Letting Go is Hard to Do
A few weeks ago, Leo Babauta published a great post entitled "Feel the Fear and Do It Anyway (or, the Privatization of the English Language)" about yet another idiocy of the intellectual monopolists. Now he has another, winningly-entitled: "The Culture of Sharing: Why Releasing Copyright Will Be the Smartest Thing You Do." Here's the core message:Last year I Uncopyrighted my blog, Zen Habits, and my ebook, Zen To Done, and it was one of the best things I’ve ever done. People have used my articles in blogs, newsletters, magazines, ebooks, books and more. And yes, they’ve made profits off me without me getting any of that money … but at the same time, I’ve benefitted: my ideas have spread, my name and brand have spread, and my readership has grown and grown. Since I Uncopyrighted the blog, it has grown from about 30K subscribers to 113K.
You can Uncopyright your blog, your ebooks, and even your print books. And I can almost guarantee you: it’ll be the best thing you can do as a writer.

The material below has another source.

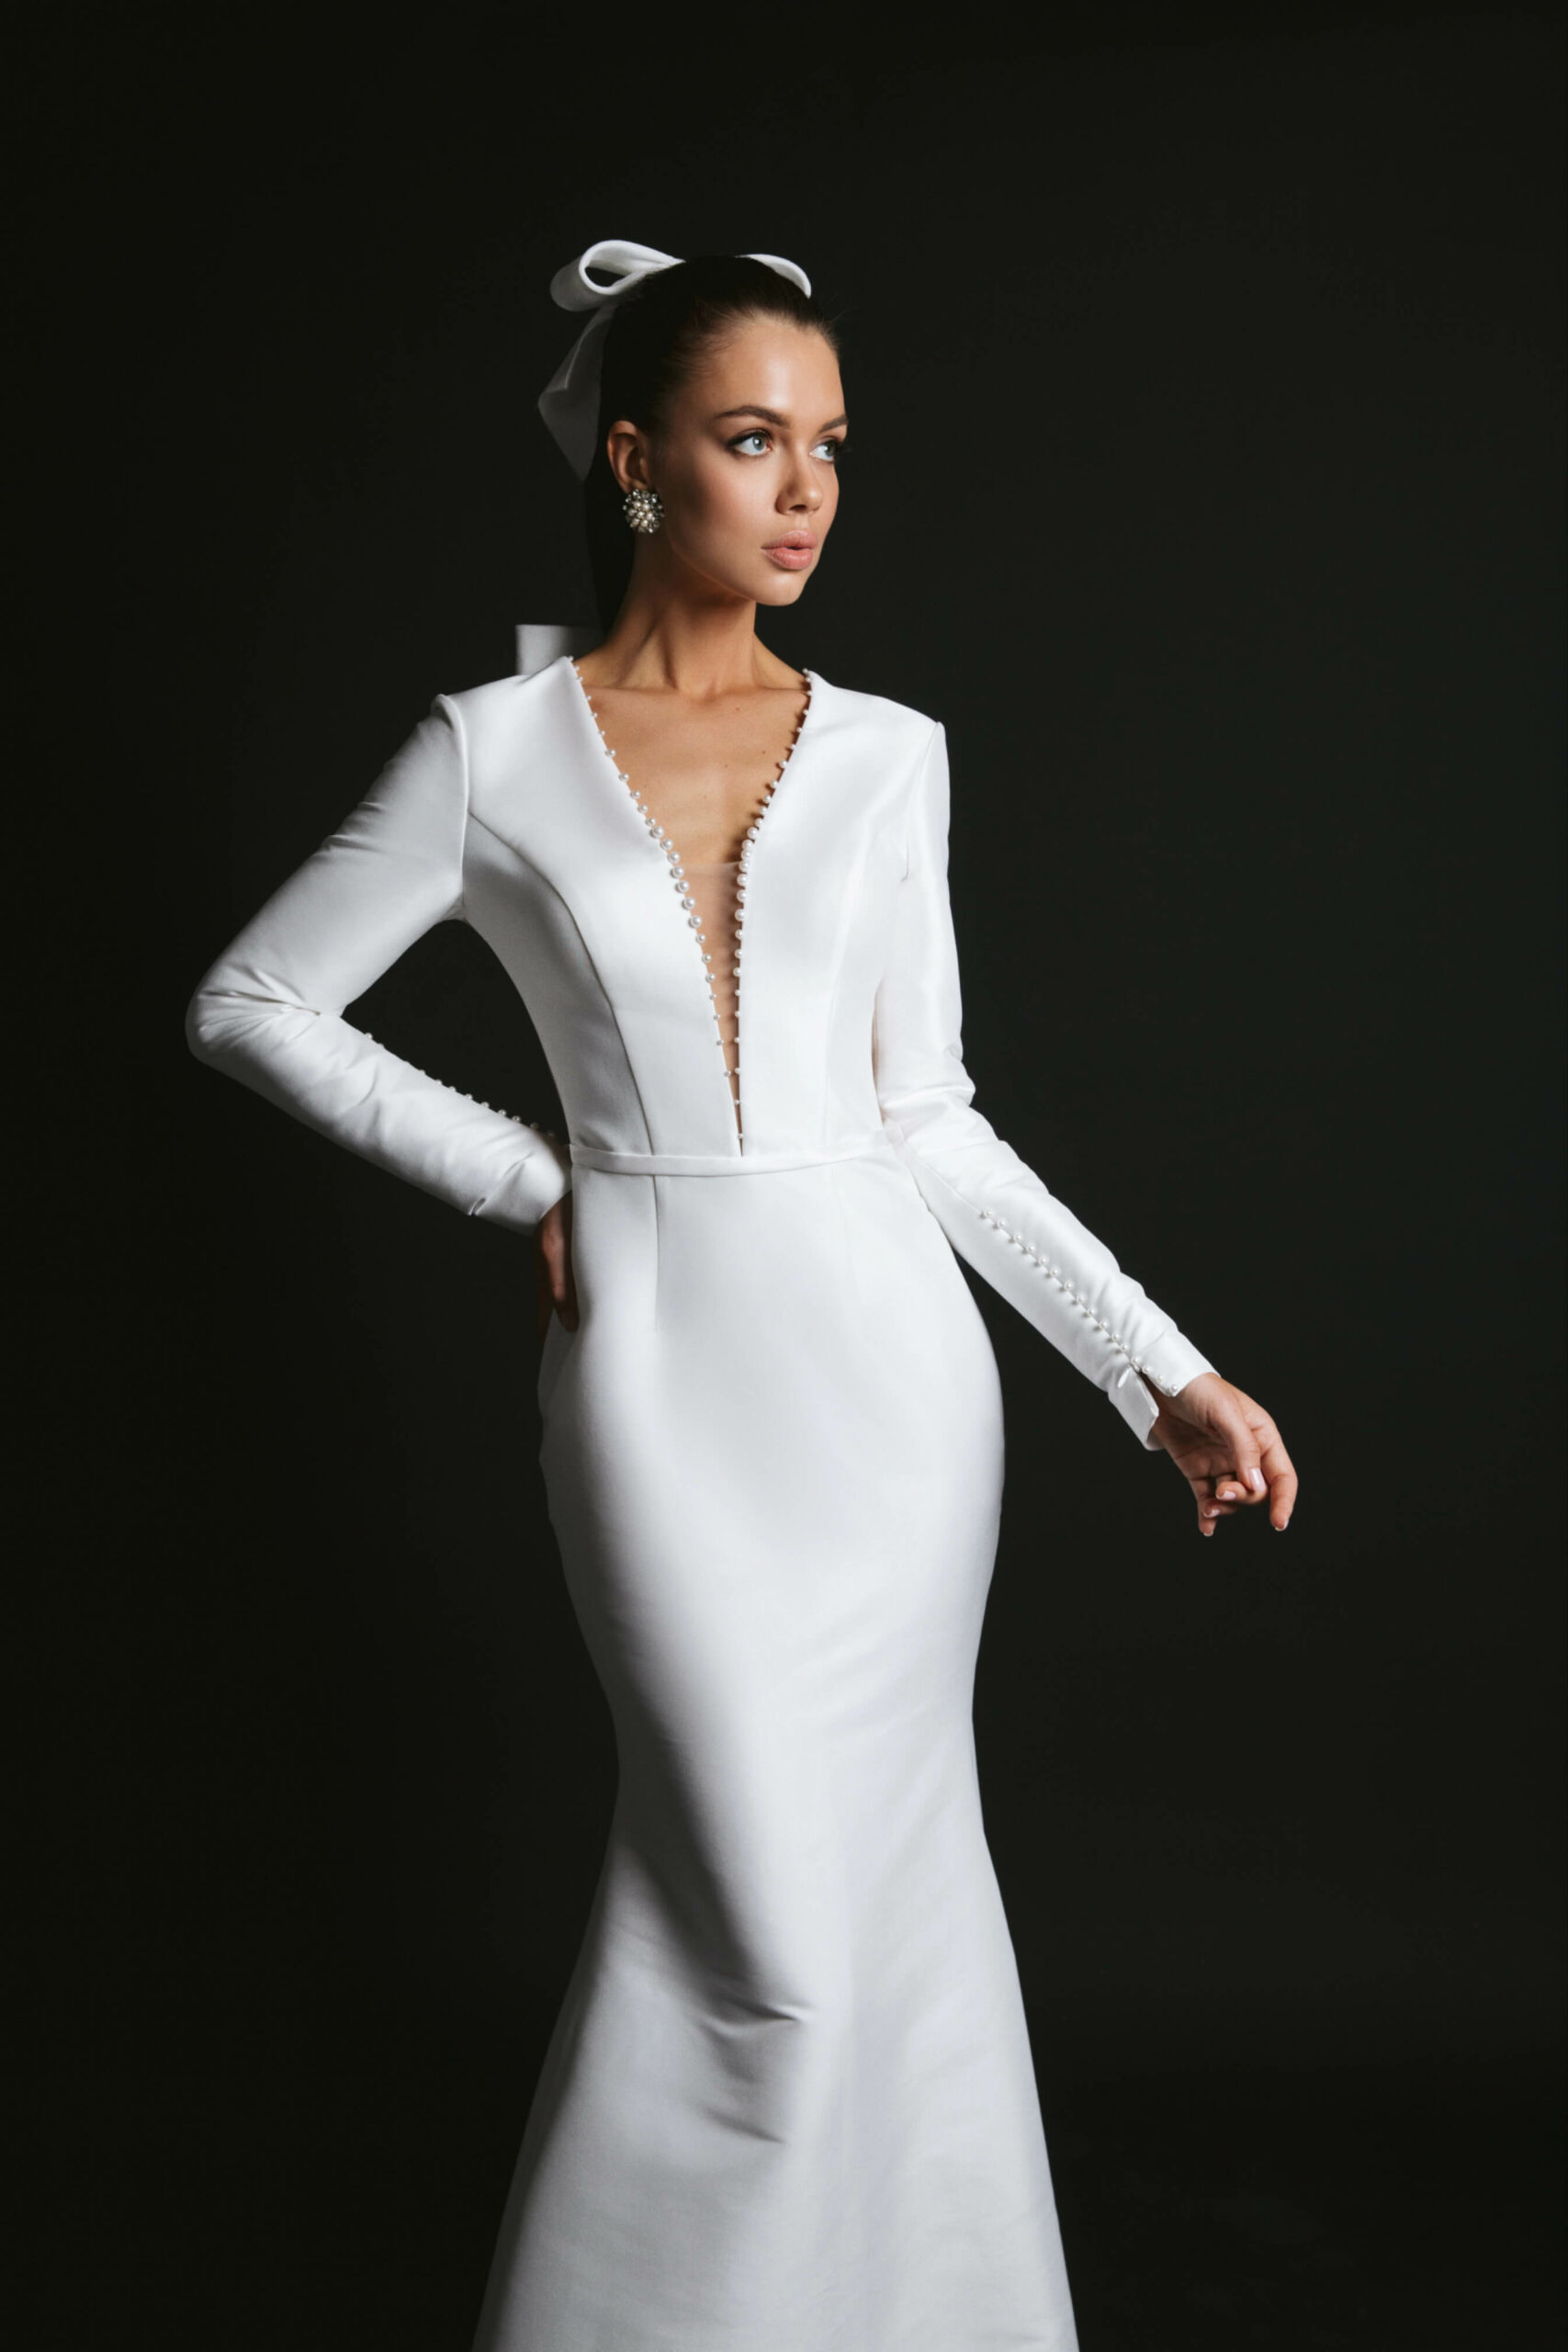 simple satin wedding dress with deepv-ncekline and open back by ange etoiles designer from dell'amore bridal, nz 4

His heart is certainly in the right place; the only problem is that "uncopyrighting" is not as easy as it looks. Although Creative Commons has come out with what it calls cc0 - "no copyright" - I believe that in some jurisdictions it's practically impossible to renounce your rights as a creator (I'd be interested in receiving confirmation or refutation of this point.)
What you *can* do even there (presumably) is to adopt a licence that grants considerable rights to users (like the GNU GPL). But it's worth noting that most of these *depend* on copyright law, rather than denying it completely.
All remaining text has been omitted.